Omit all pictures, then retype the data exactly as given.

Dataset extract
──────────────────────────────

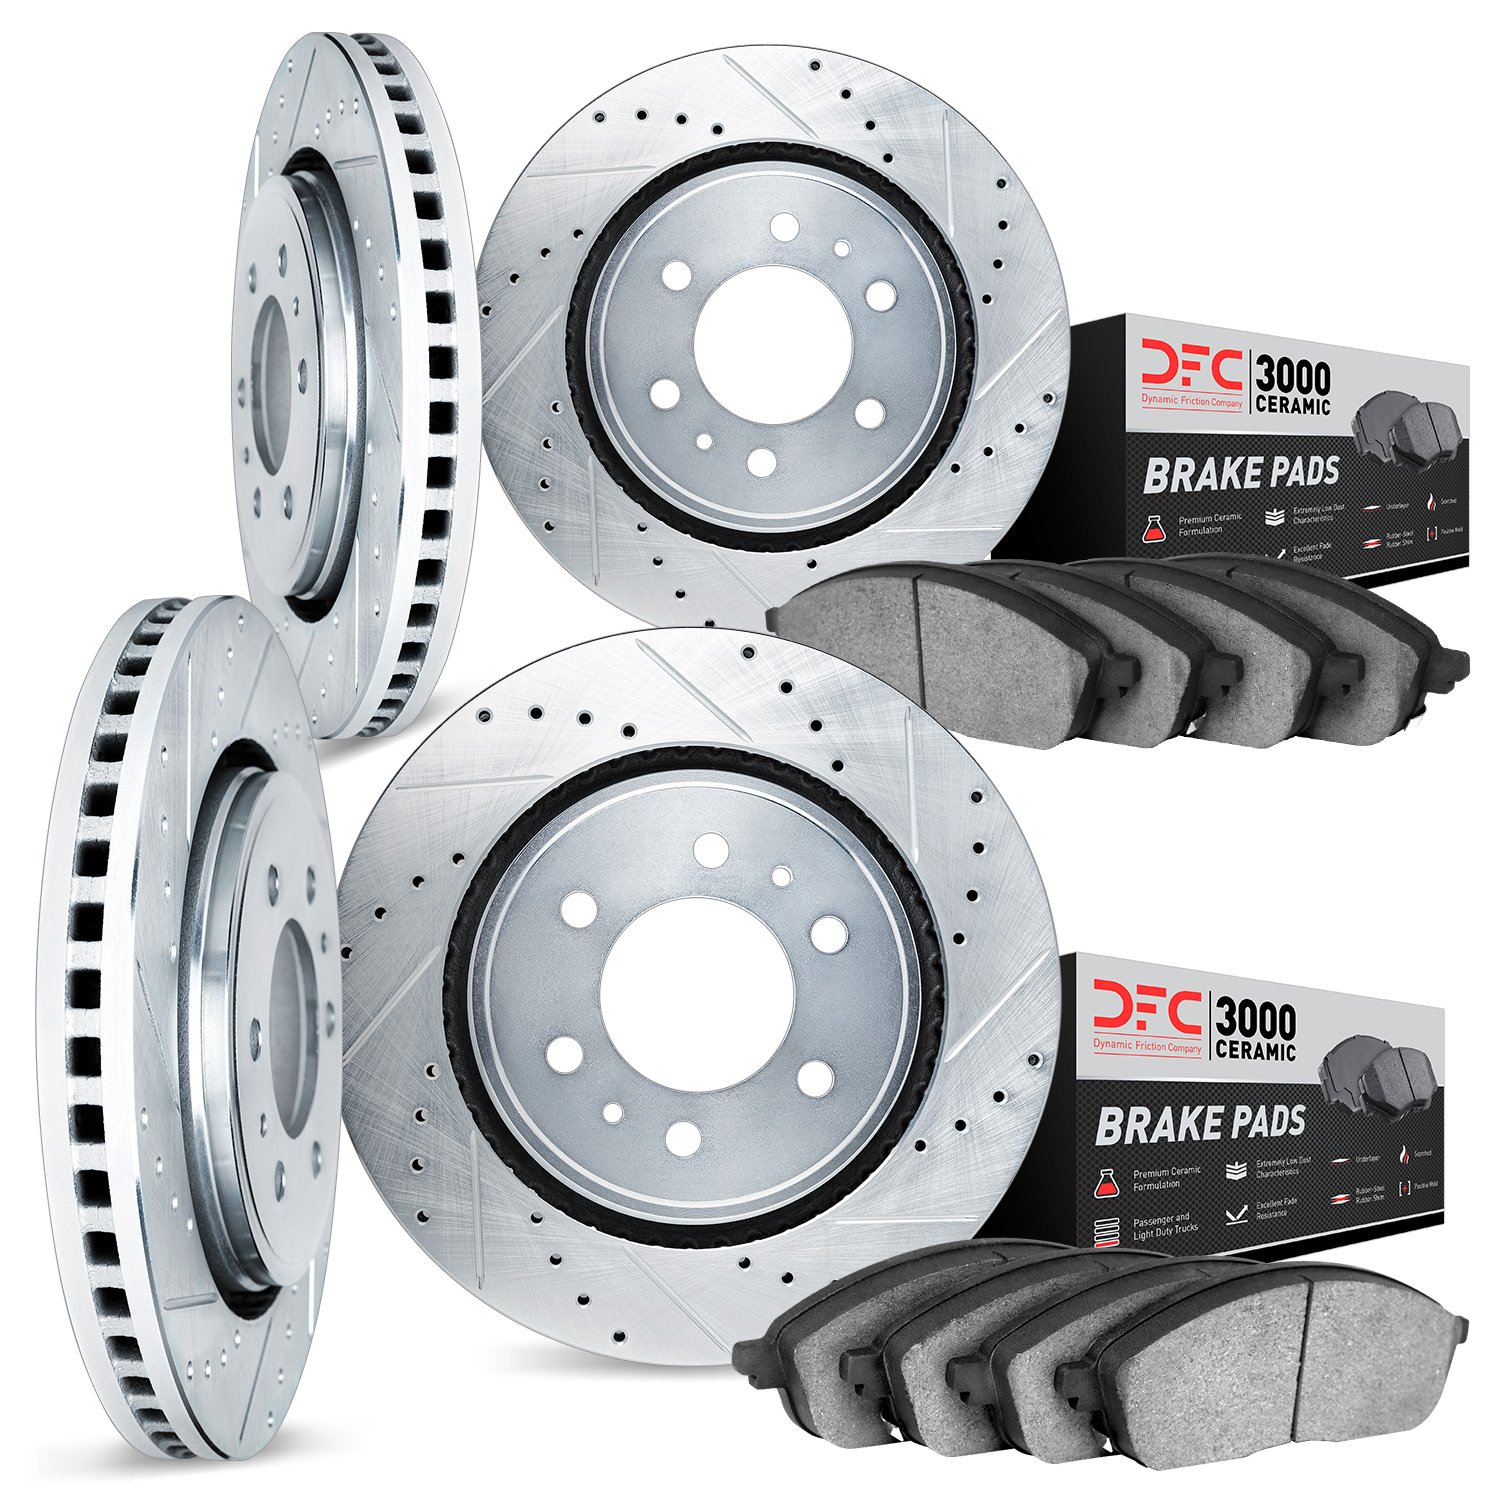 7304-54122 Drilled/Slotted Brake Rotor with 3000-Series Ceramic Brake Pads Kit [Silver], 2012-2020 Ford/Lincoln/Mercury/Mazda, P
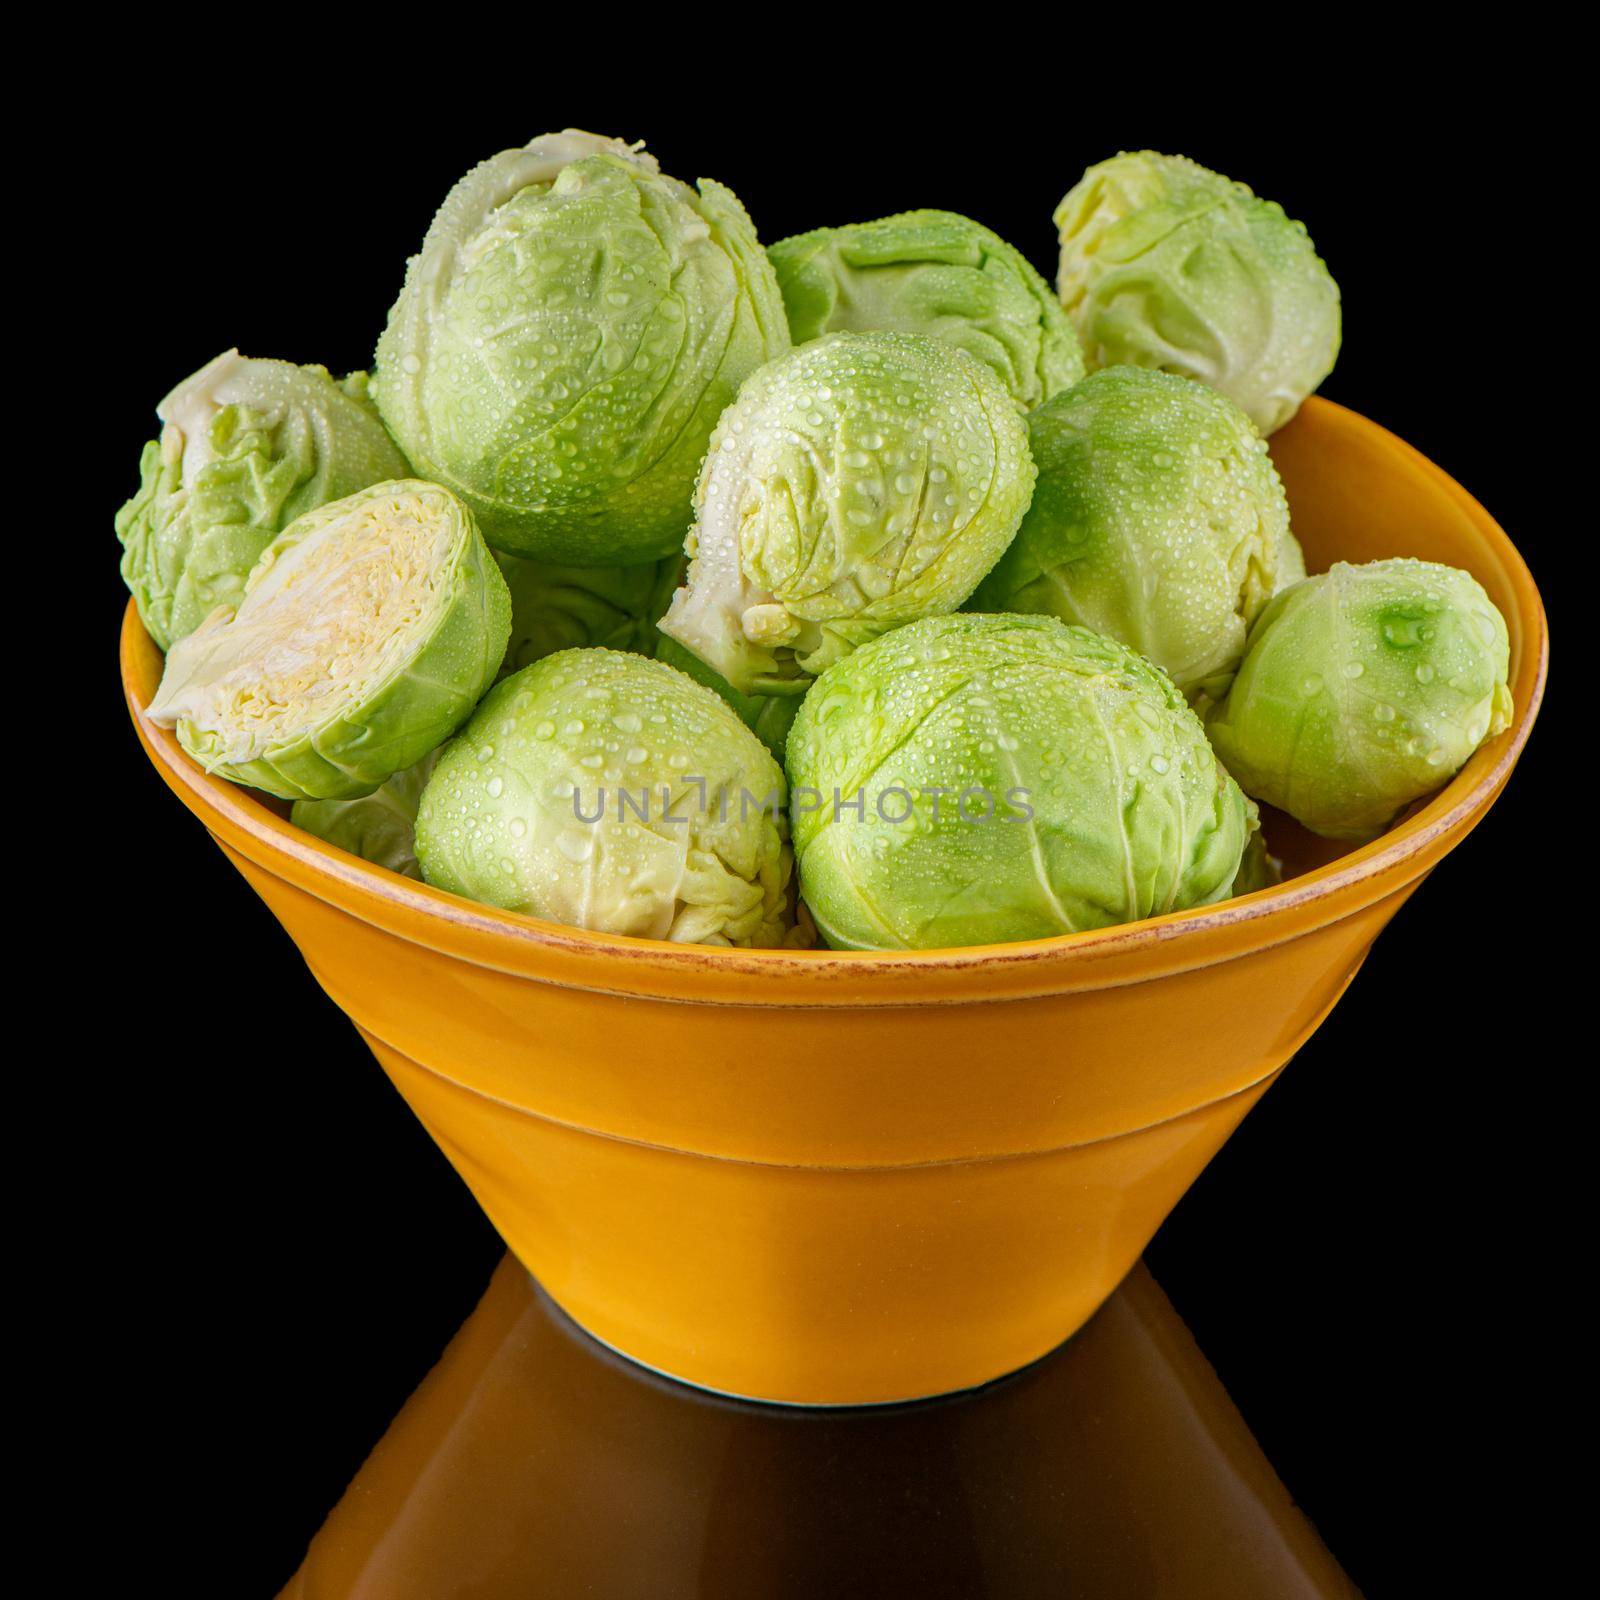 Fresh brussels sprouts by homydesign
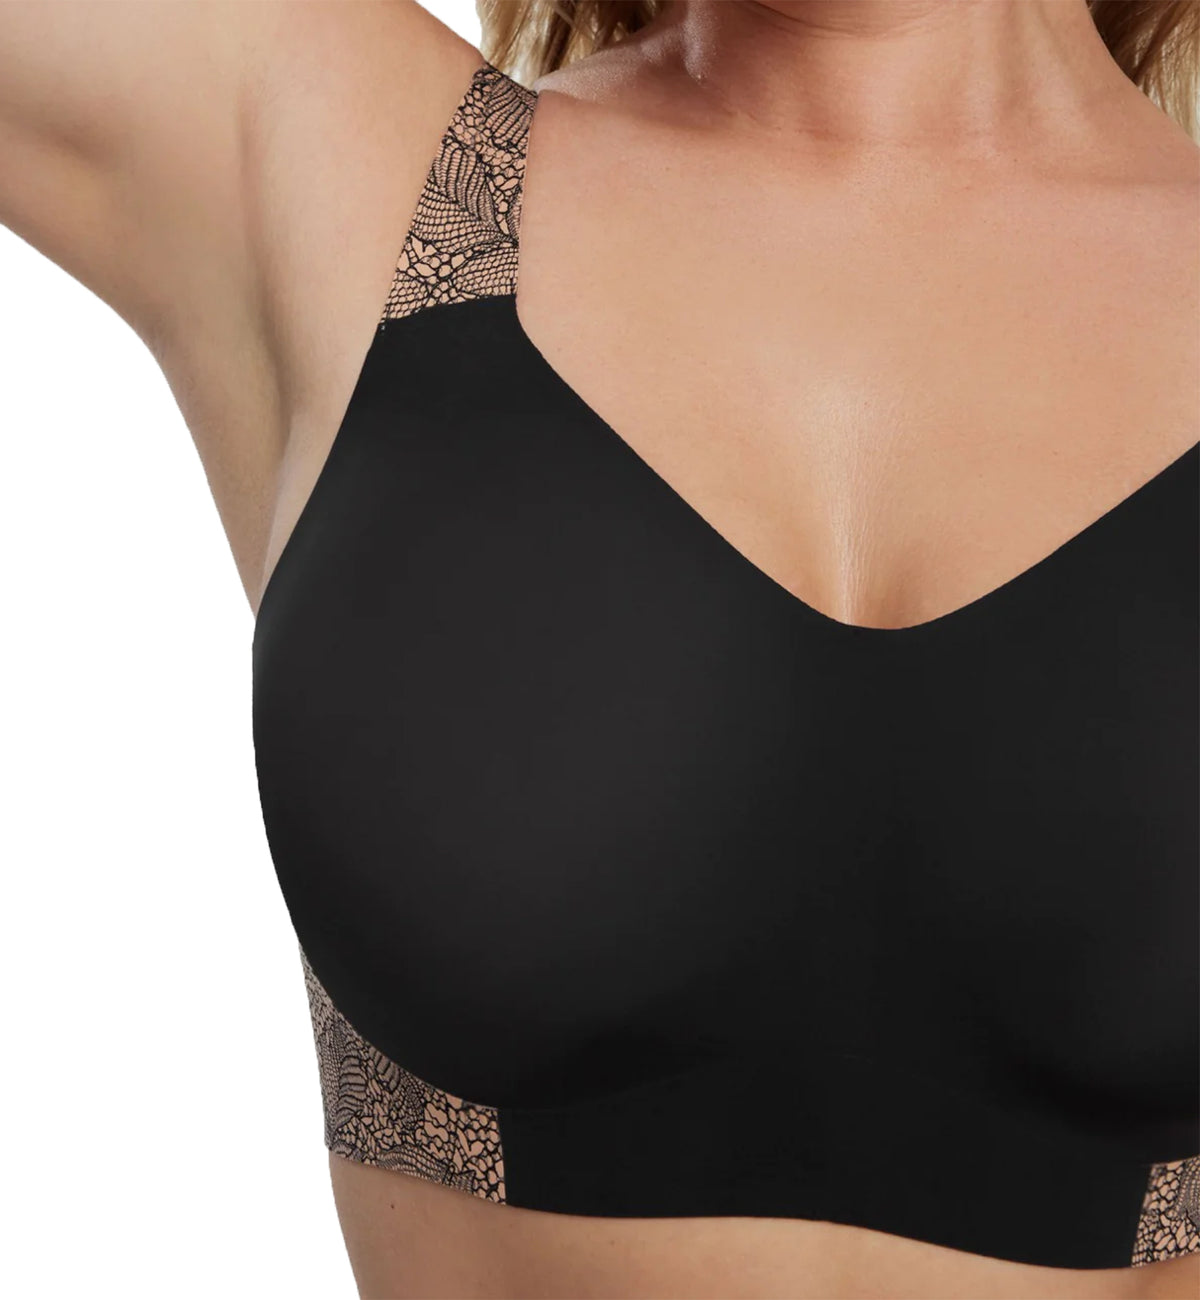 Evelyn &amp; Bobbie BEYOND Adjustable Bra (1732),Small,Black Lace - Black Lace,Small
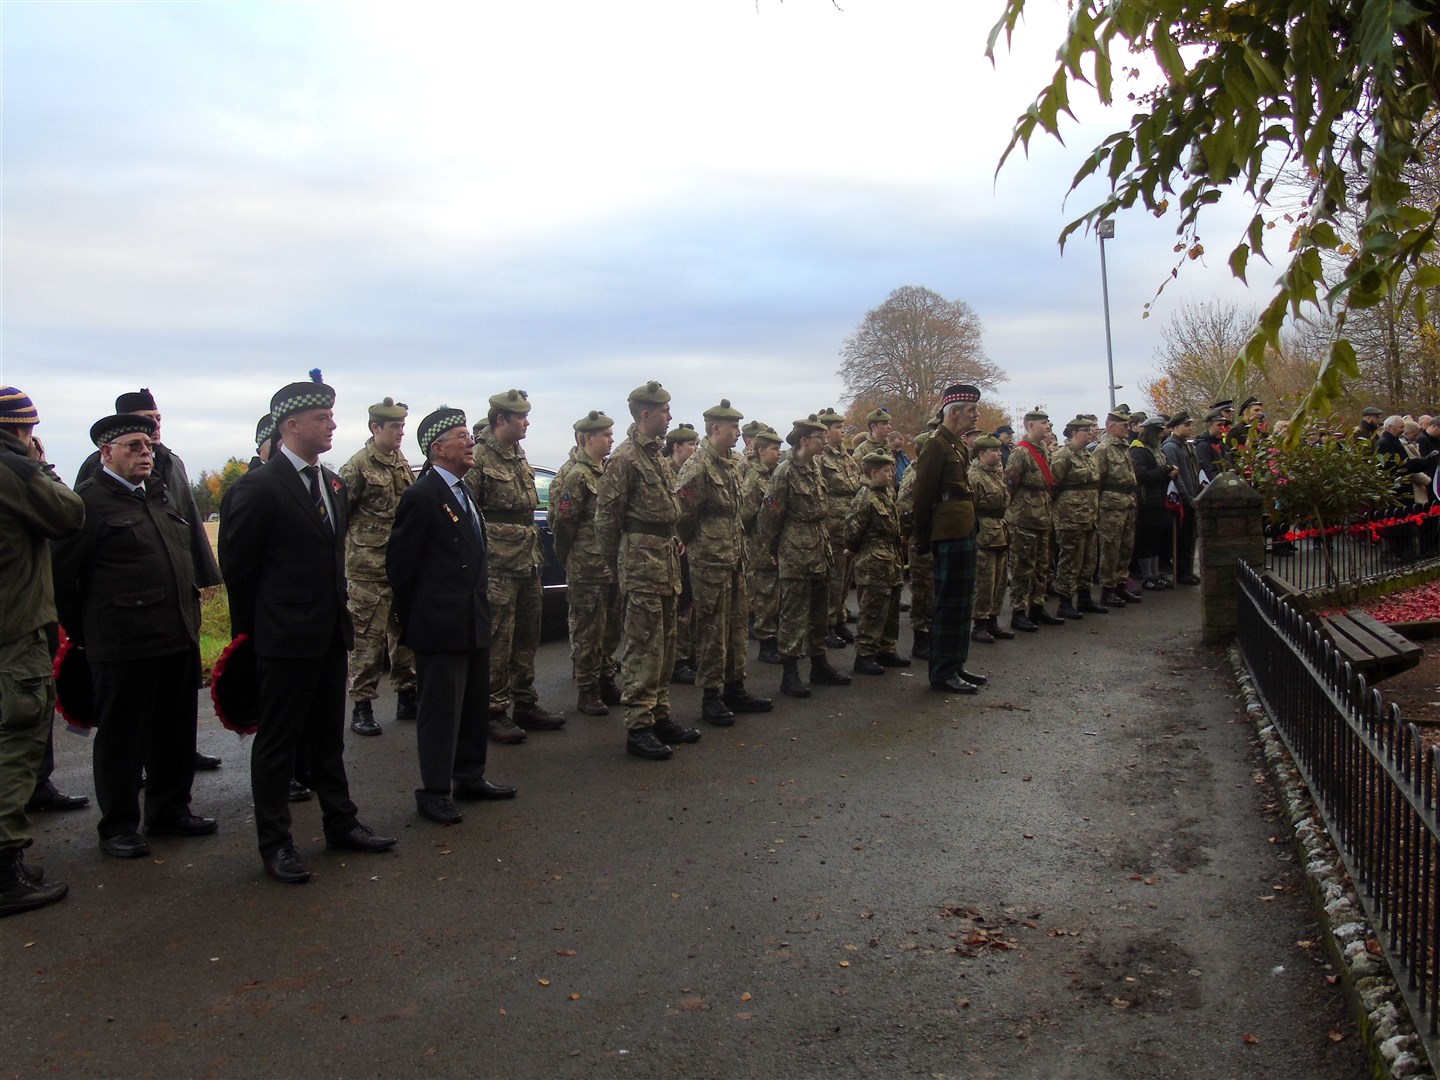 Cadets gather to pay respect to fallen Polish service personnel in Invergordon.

──────────────────────────────

Answer box
 7304-54122 Drilled/Slotted Brake Rotor with 3000-Series Ceramic Brake Pads Kit [Silver], 2012-2020 Ford/Lincoln/Mercury/Mazda, P
 Fresh brussels sprouts by homydesign
 Evelyn &amp; Bobbie BEYOND Adjustable Bra (1732),Small,Black Lace - Black Lace,Small
 Cadets gather to pay respect to fallen Polish service personnel in Invergordon.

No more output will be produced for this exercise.